A administradora Juce Bezerra - Arquivo pessoal - Arquivo pessoal
A administradora Juce Bezerra
Imagem: Arquivo pessoal

Cargos de chefia

Além da insegurança e da autoexigência, muitas mulheres desistem de aplicar para postos mais altos de trabalho por entender que posições executivas pedem uma mobilidade difícil de corresponder. "Às vezes, elas assumem sozinhas suas famílias e têm dificuldade de ficar fora de casa por muito tempo. Em especial agora na pandemia, os empregadores buscam mais perfis masculinos porque imaginam que as mulheres estão mais atarefadas lidando com trabalho, casa e família", afirma a consultora Ylana Miller. "Infelizmente, somos poucas ainda em cargos executivos. Eu mesma, na maioria das reuniões que vou, sou exceção."

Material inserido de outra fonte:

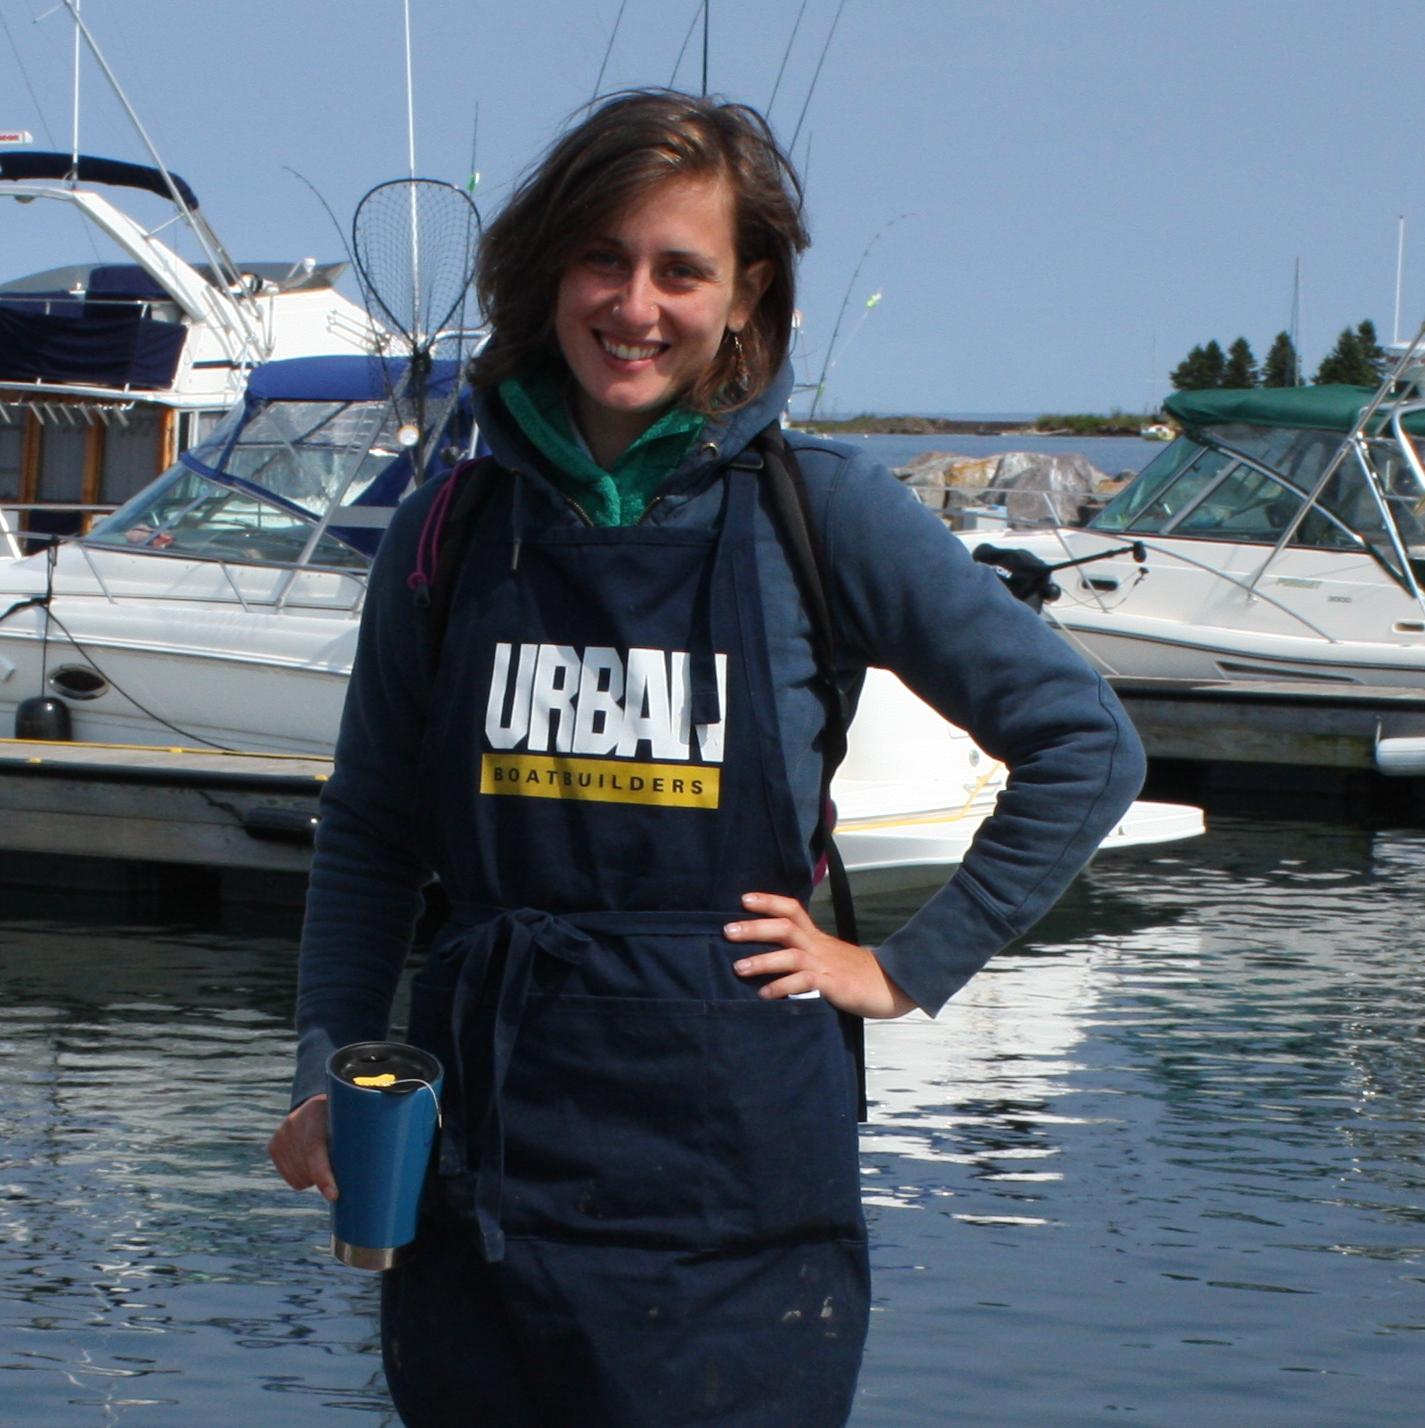 Paddle Minnesota: Urban Boat Builders
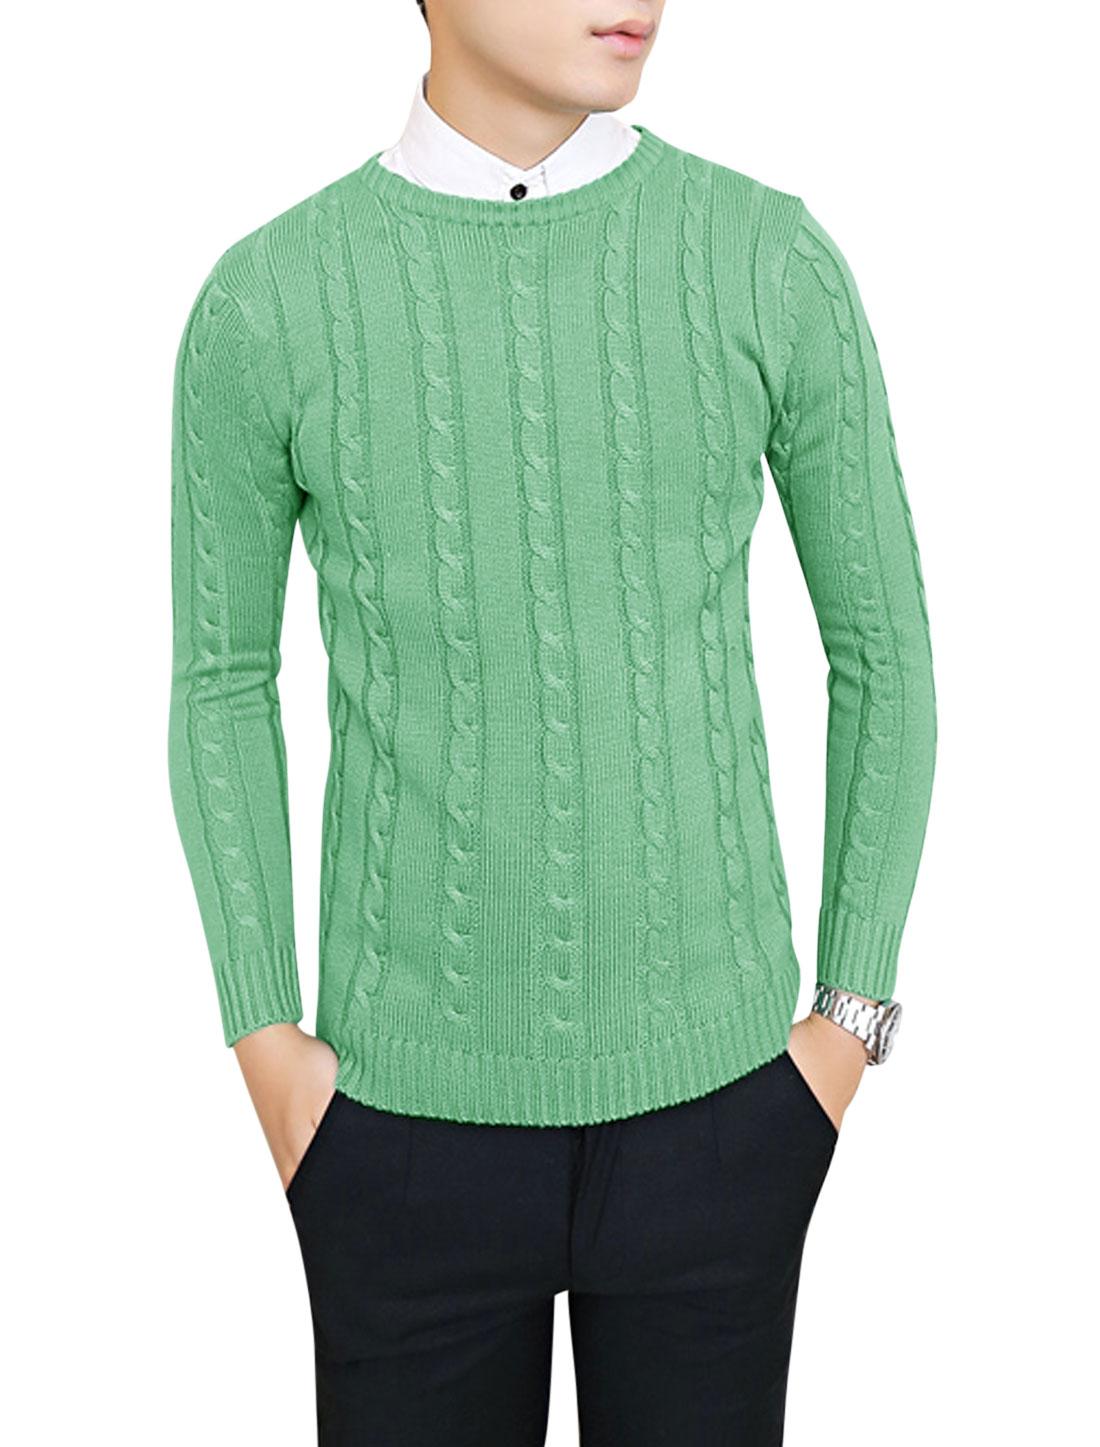 Men Long Sleeve Crew Neck Braided Sweater Light Green S

O índice The Reykjavik Index for Leadership, divulgado no início de 2020 pela consultoria Kantar, mostra que 59% dos brasileiros não se sentem confortáveis quando veem uma mulher como CEO, ou seja, liderando uma empresa. O estudo ainda apontou que existem setores considerados pelas pessoas como mais adequados para o comando de uma mulher, como beleza e moda. O setor automotivo e o de engenharia são vistos como mais masculinos.